Hasil standarisasi data memastikan bahwa seluruh variabel memiliki skala yang setara sehingga proses pengelompokan berjalan valid. Uji kelayakan data menunjukkan nilai KMO sebesar 0,54 yang berada pada kategori cukup, sehingga variabel masih dapat digunakan untuk analisis lebih lanjut. Korelasi antarvariabel pun menunjukkan hubungan positif antarindikator pendidikan, sehingga relevan untuk dianalisis secara bersamaan dalam model klaster.

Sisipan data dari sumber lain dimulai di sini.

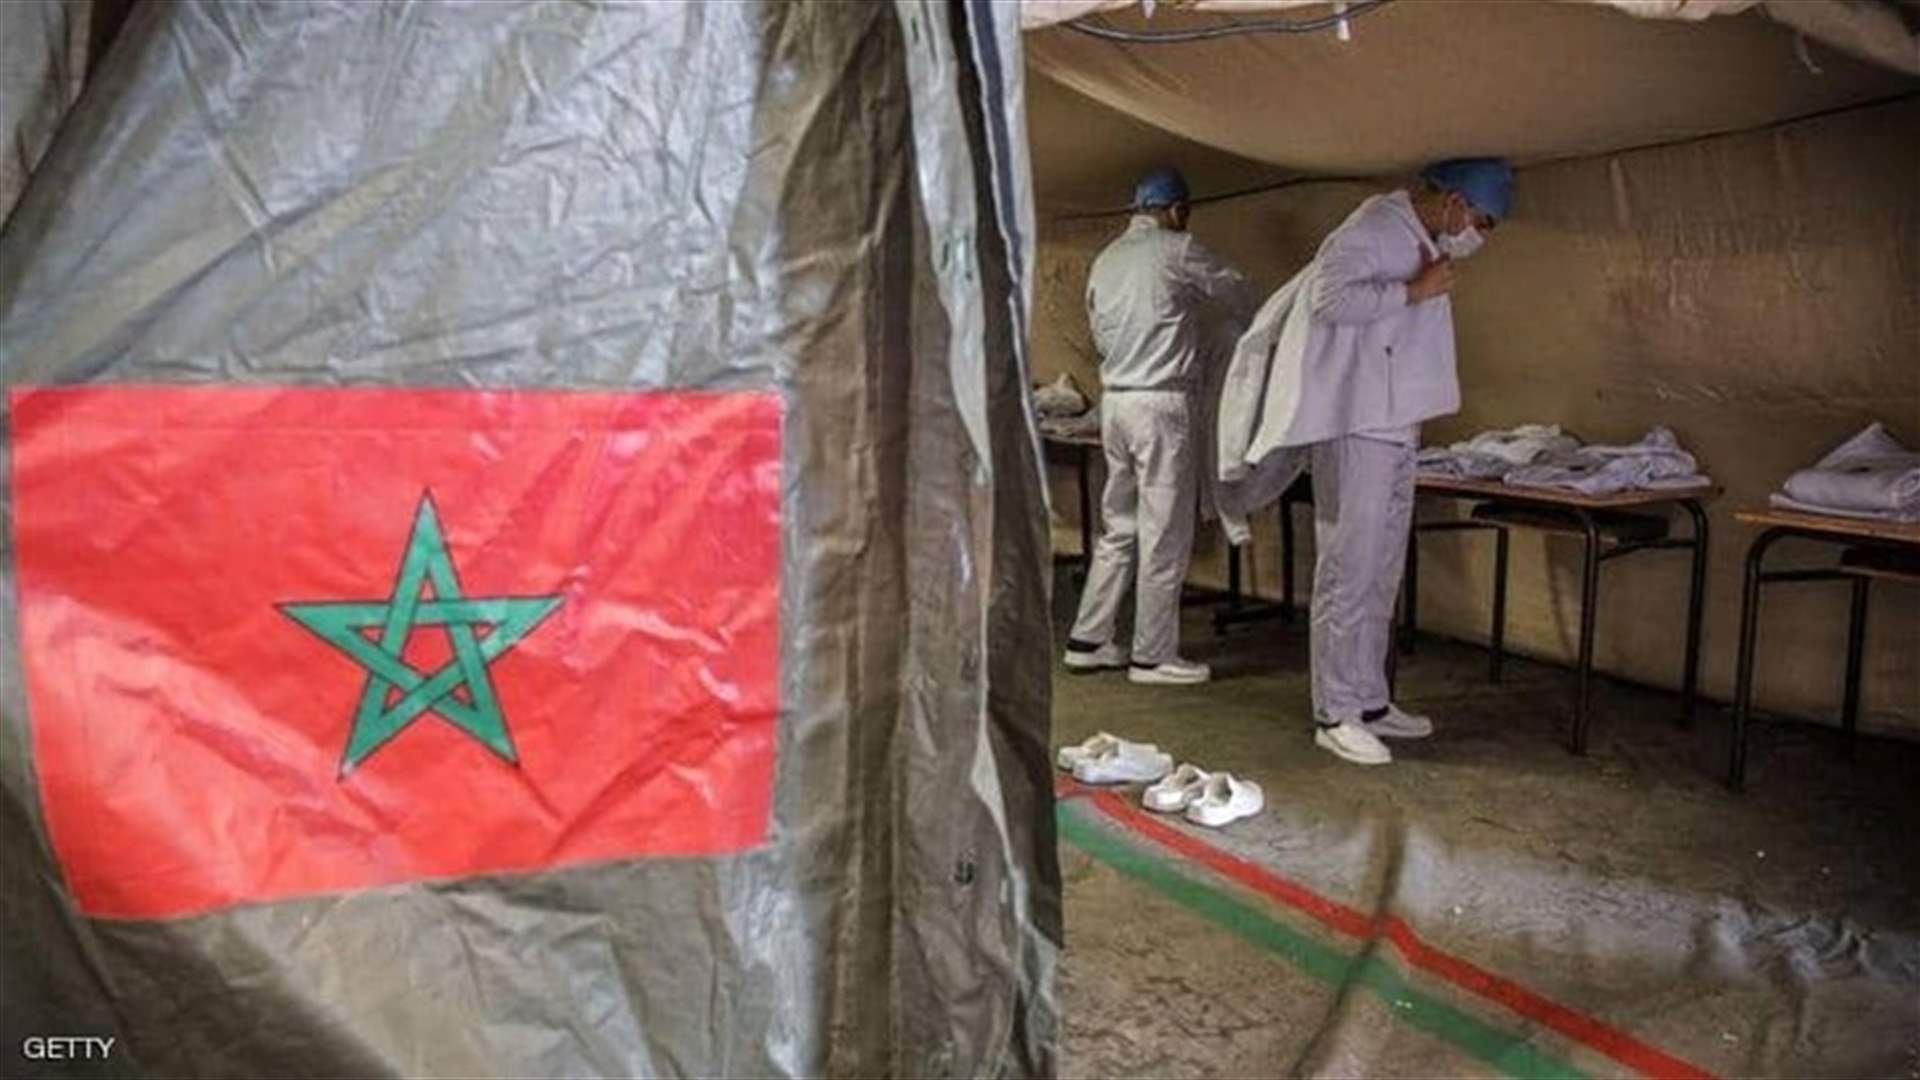 4434 إصابة جديدة بفيروس كورونا في المغرب و78 وفاة خلال 24 ساعة

Hasil perhitungan jarak Euclidean dan analisis dendrogram dengan metode average linkage menunjukkan bahwa pola pengelompokan dapat membagi provinsi secara jelas ke dalam beberapa klaster dengan karakteristik pendidikan yang berbeda. Validasi klaster melalui connectivity, Dunn index, dan silhouette menunjukkan bahwa jumlah klaster optimal adalah K = 2, yang memberikan nilai validasi terbaik dibanding jumlah klaster lainnya.

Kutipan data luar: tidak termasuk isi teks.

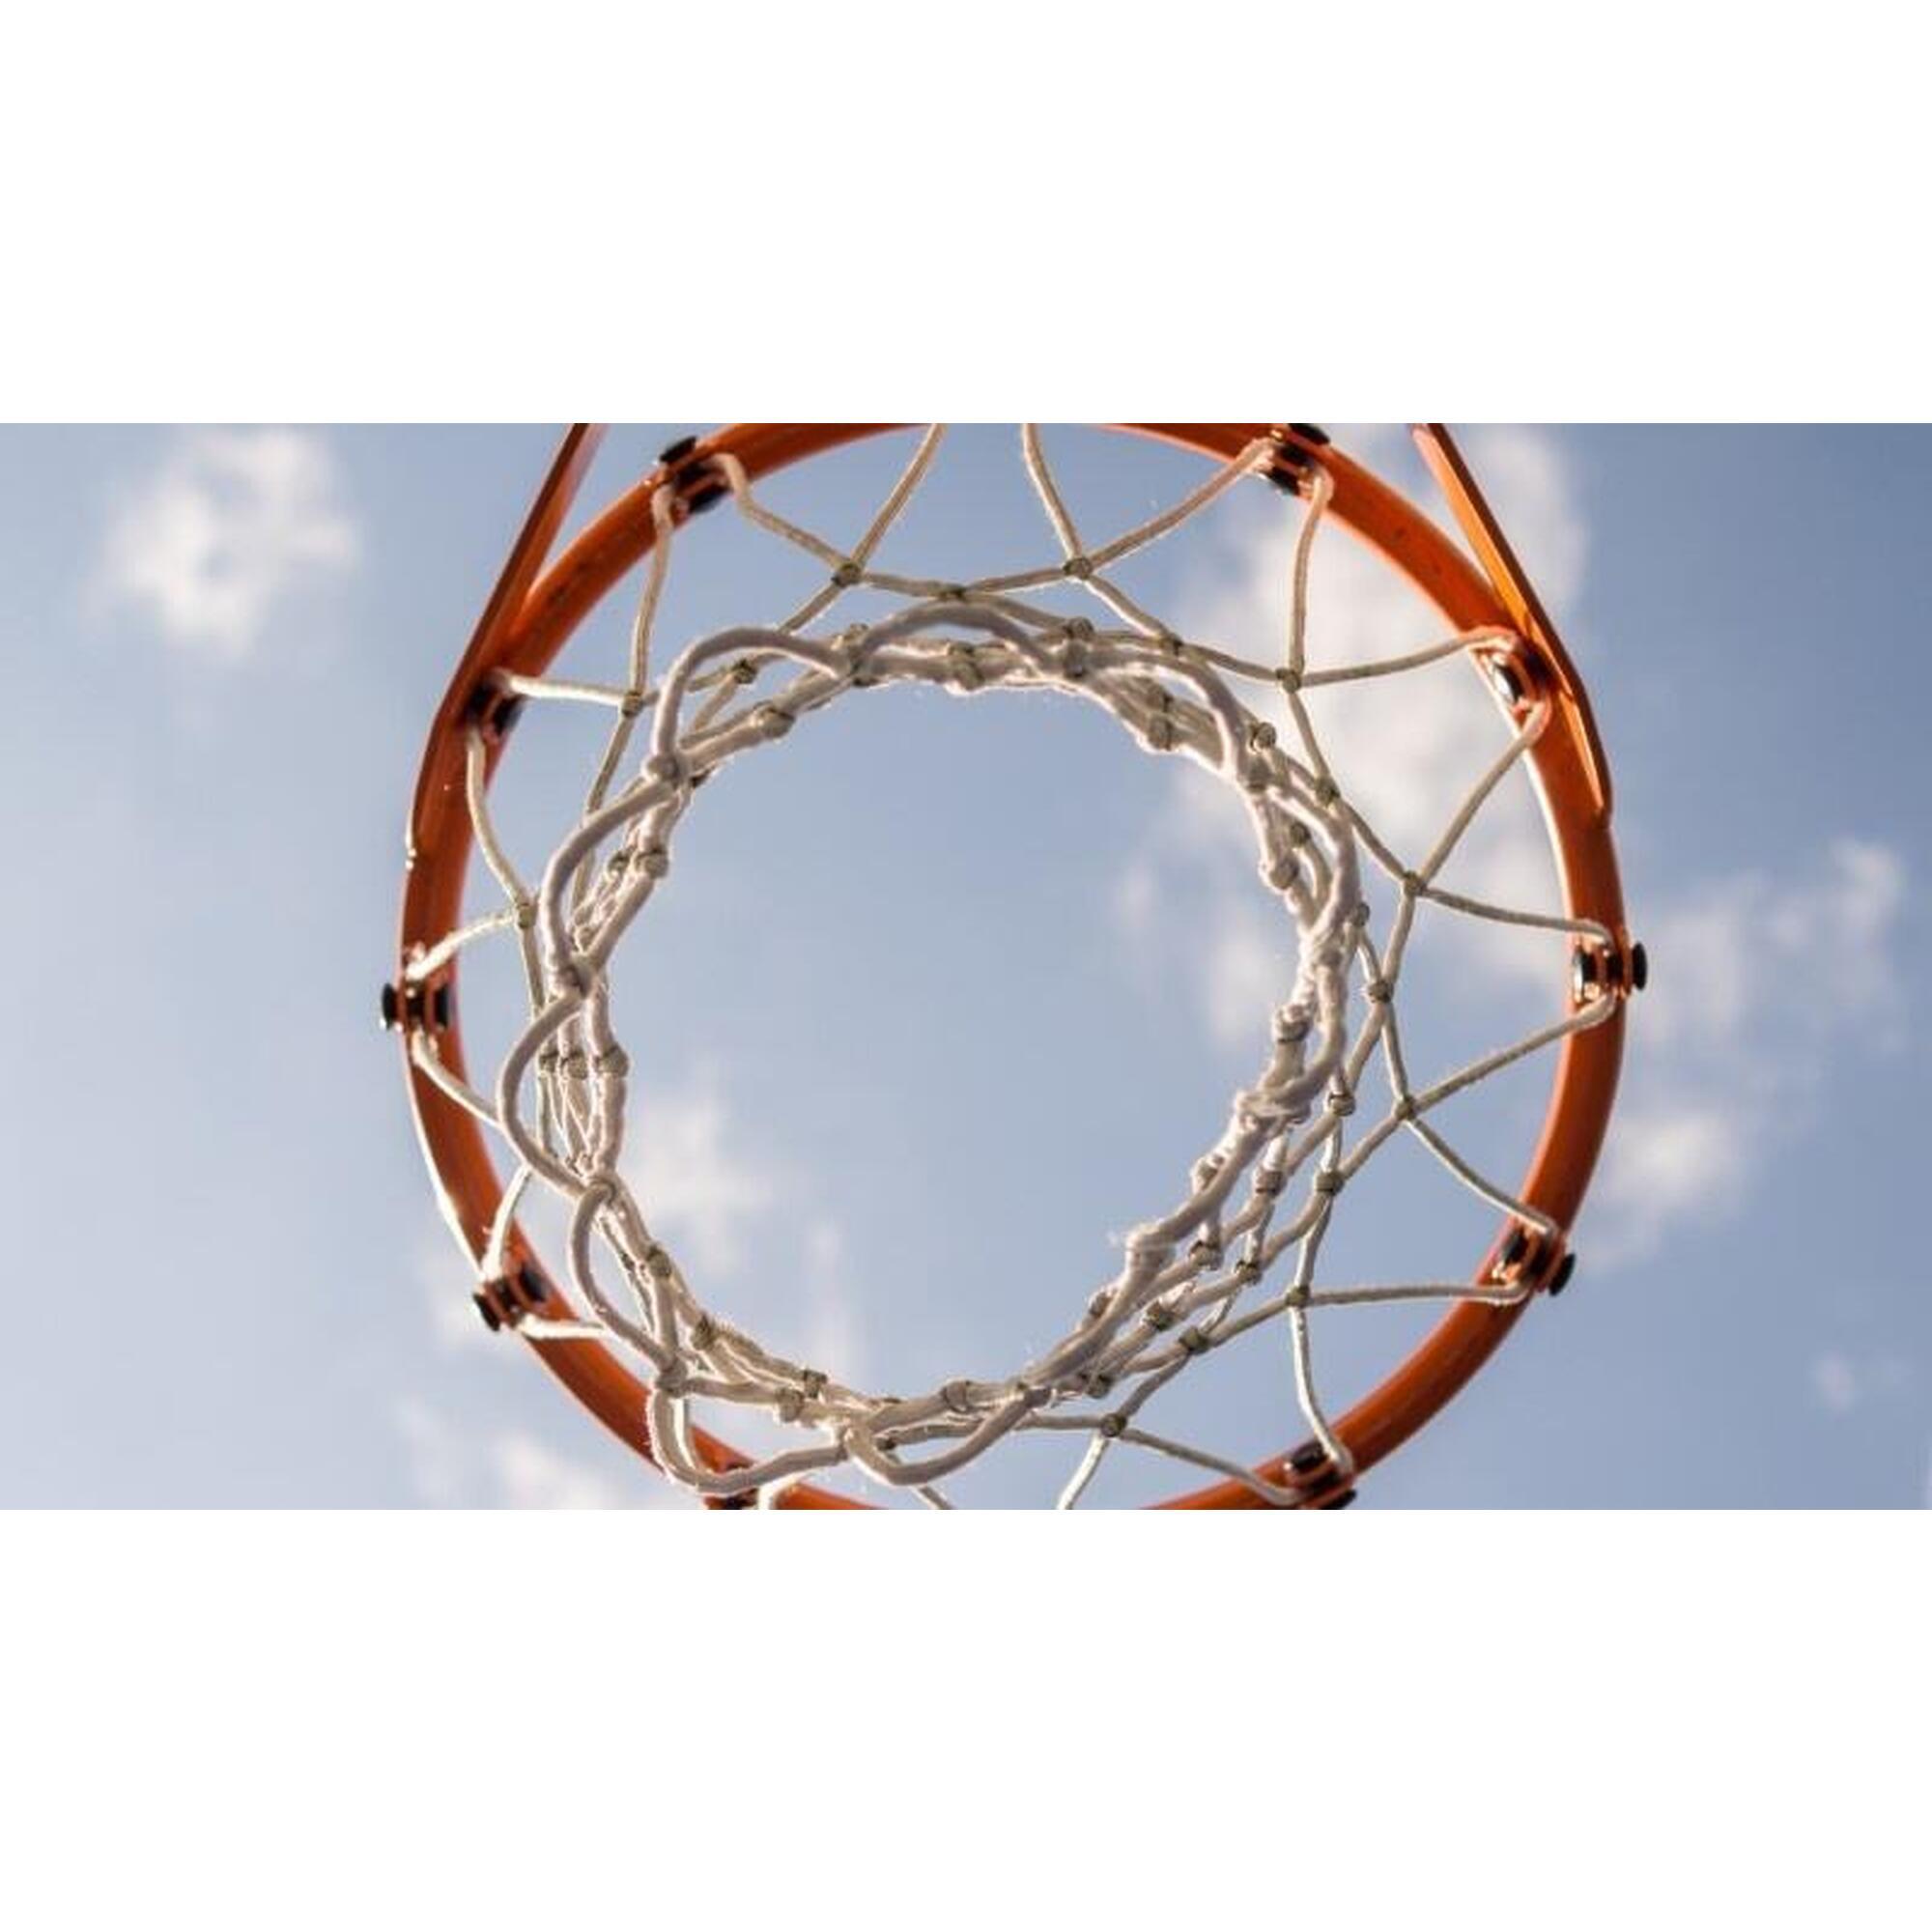 Basketbalpaal - Memphis - 190 cm tot 260 cm hoog - Verstelbaar

Struktur dendrogram mengonfirmasi adanya kesenjangan pendidikan antarwilayah, khususnya antara provinsi di Pulau Jawa dan beberapa provinsi Sumatera yang memiliki capaian pendidikan relatif tinggi, dibandingkan provinsi di Indonesia Timur yang cenderung memiliki nilai indikator lebih rendah.Sehingga, penelitian ini memperlihatkan bahwa pembangunan pendidikan di Indonesia belum merata dan masih dipengaruhi oleh faktor geografis, pemerataan infrastruktur pendidikan, dan ketersediaan fasilitas belajar. Klaster yang terbentuk memberikan gambaran jelas mengenai provinsi mana yang berada pada kategori pembangunan pendidikan tinggi, sedang, atau rendah.
Nurfajriyani, Amaliana, D. D., & Wulandari, S. P. (2024). Pengelompokan provinsi berdasarkan aspek pembangunan pendidikan di Indonesia tahun 2023 menggunakan analisis cluster. Pentagon: Jurnal Matematika dan Ilmu Pengetahuan Alam, 2(4), 134–153
Badang Pusat Statistik. (2023). Statistik Pendidikan Indonesia 2023. BPS–Statistics Indonesia.
Johnson, R. A., & Wichern, D. W. (2007). Applied Multivariate Statistical Analysis (6th ed.). Pearson Education.